BEGIN Source material

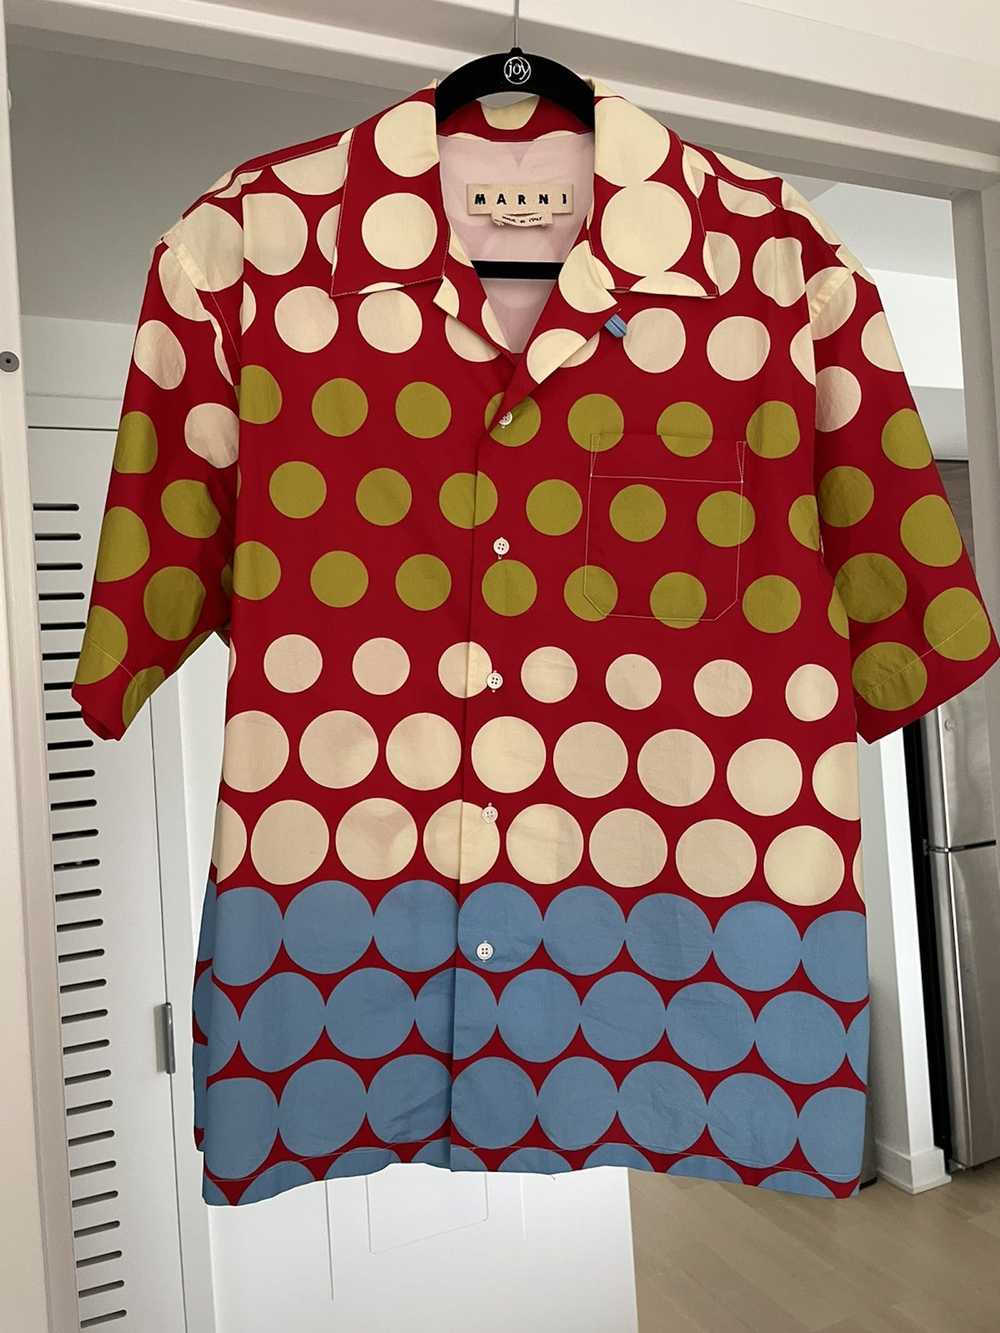 Marni Marni polka dot button up shirt - image 1
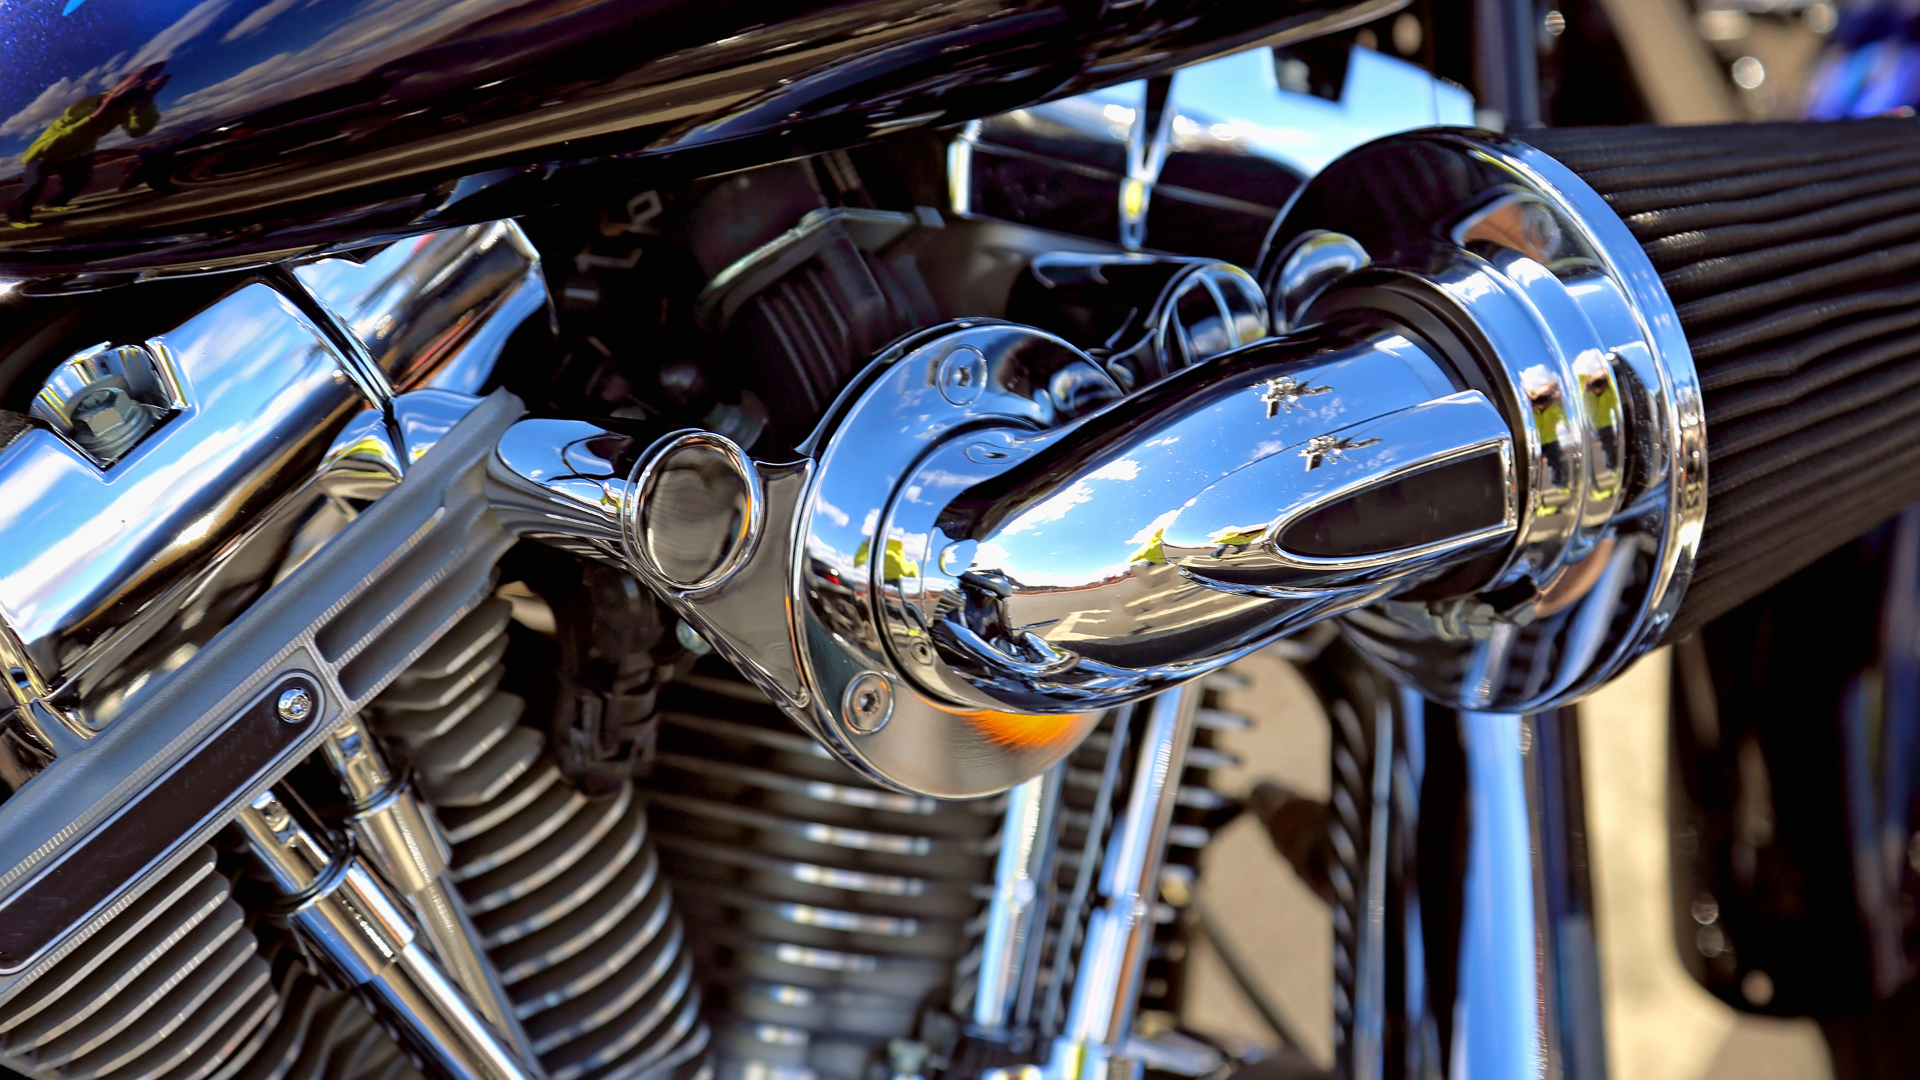 Migliora le tue abilità: iscriviti a un corso di meccanico Harley Davidson - moto - Racext 27
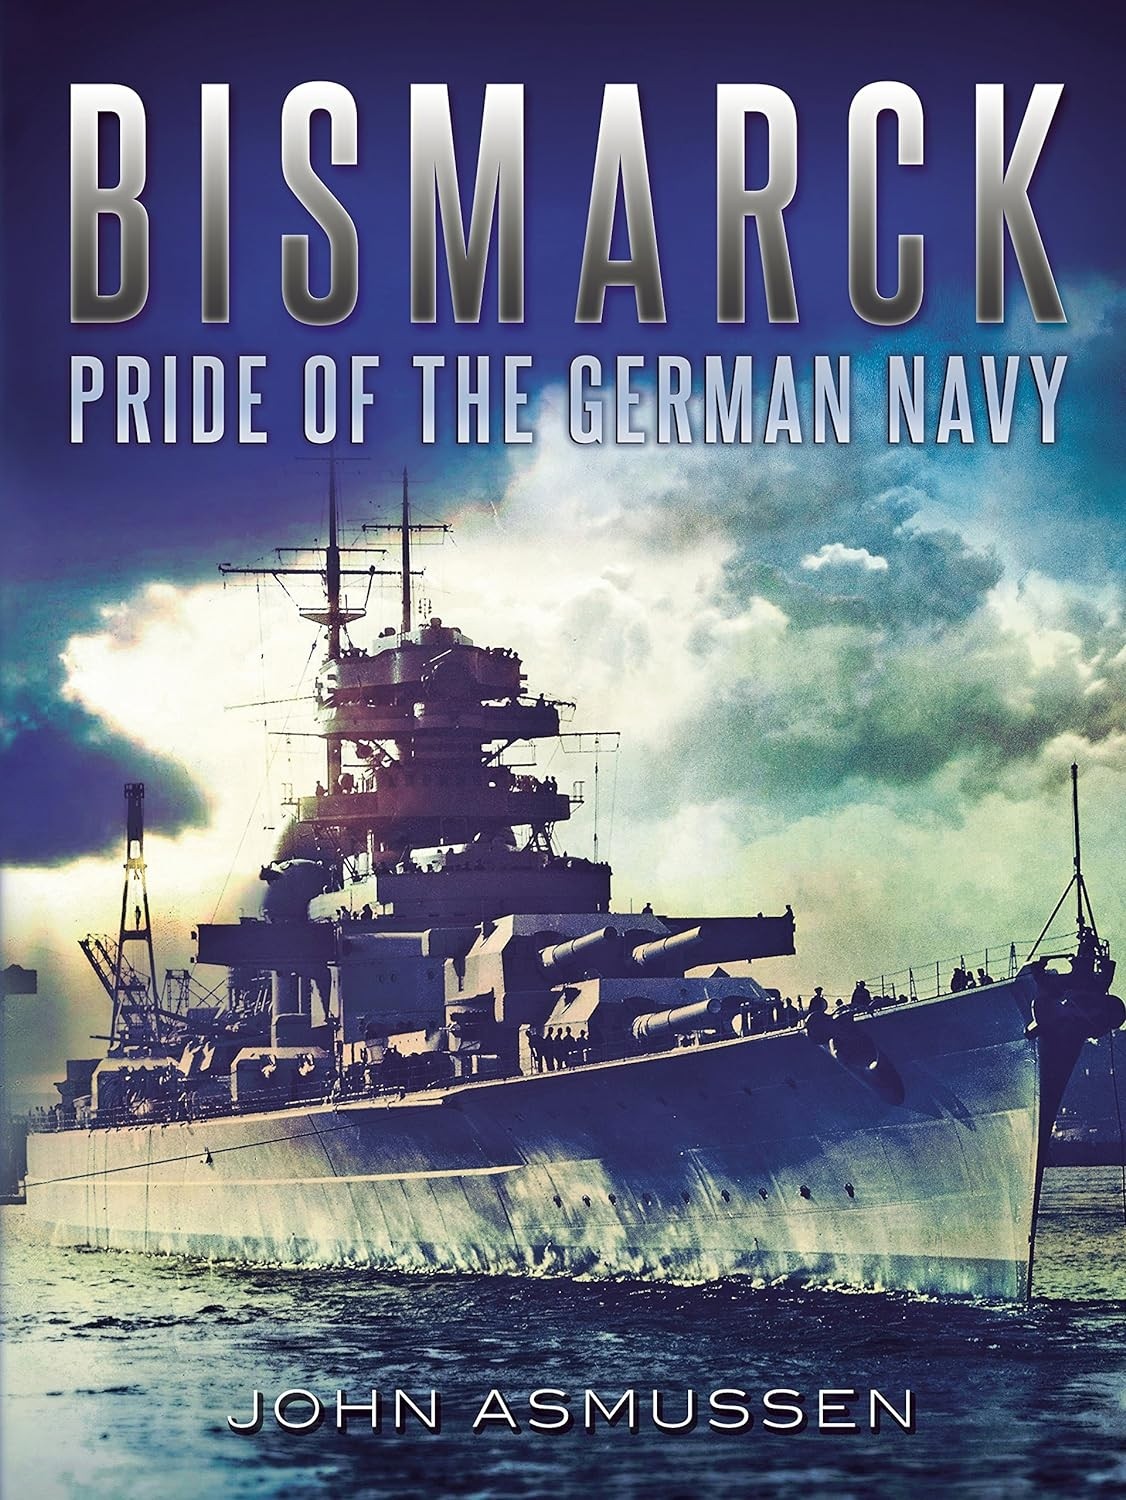 Bismarck: Pride of the German Navy
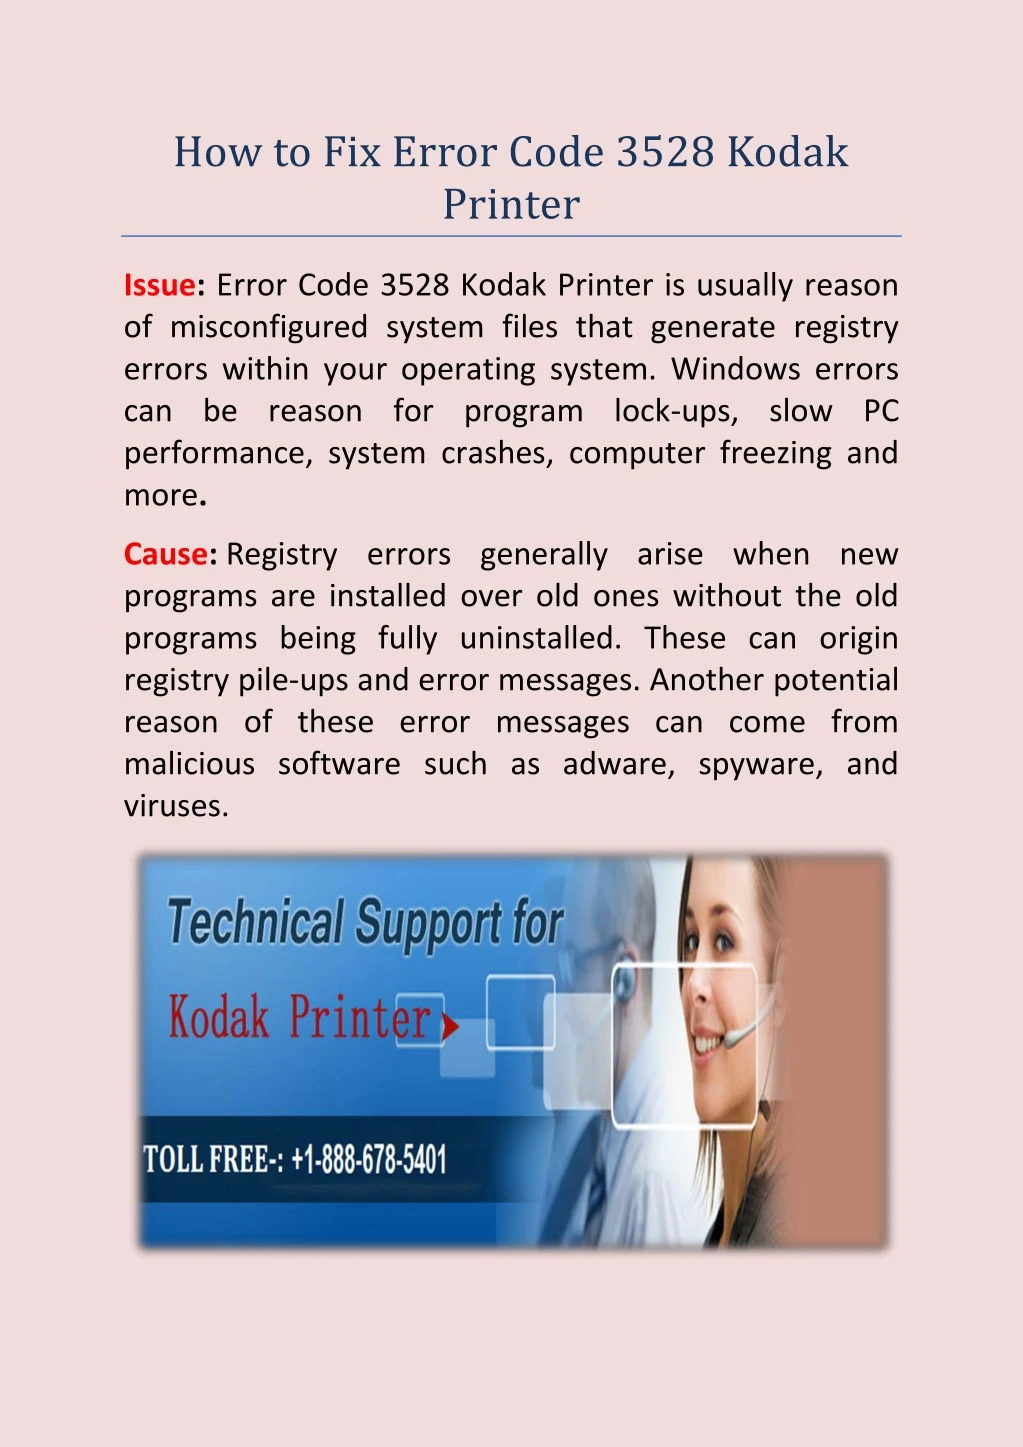 how to fix error code 3528 kodak printer
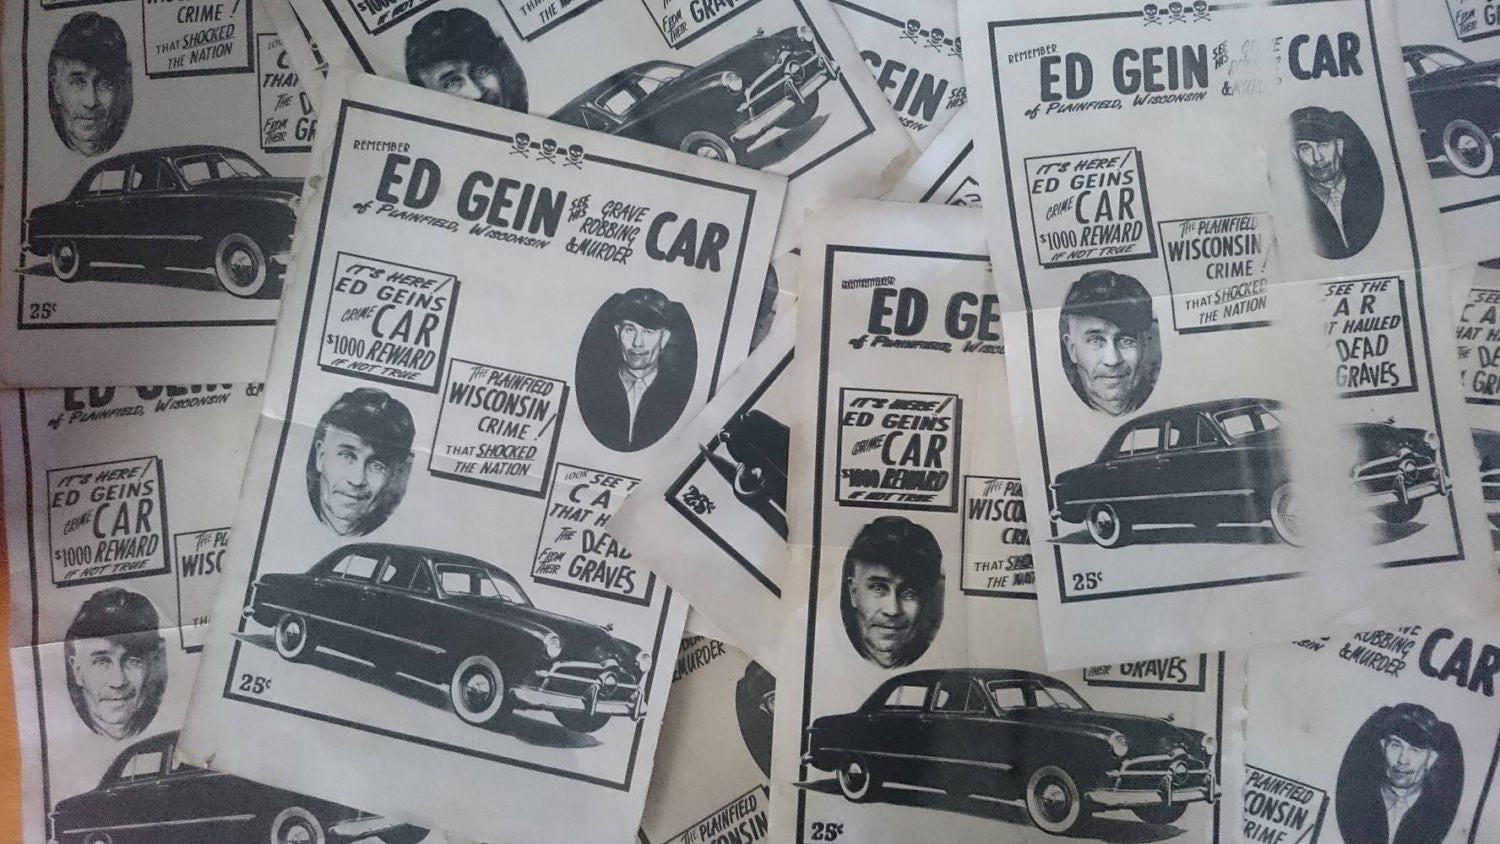 Ed Gein Car

END Source material

If a record holds a picture, leave the picture out and copy the rest exactly.

◆ **Output**:
 Marni Marni polka dot button up shirt - image 1
 Migliora le tue abilità: iscriviti a un corso di meccanico Harley Davidson - moto - Racext 27
 Bismarck: Pride of the German Navy
 how to fix error code 3528 kodak printer
 Ed Gein Car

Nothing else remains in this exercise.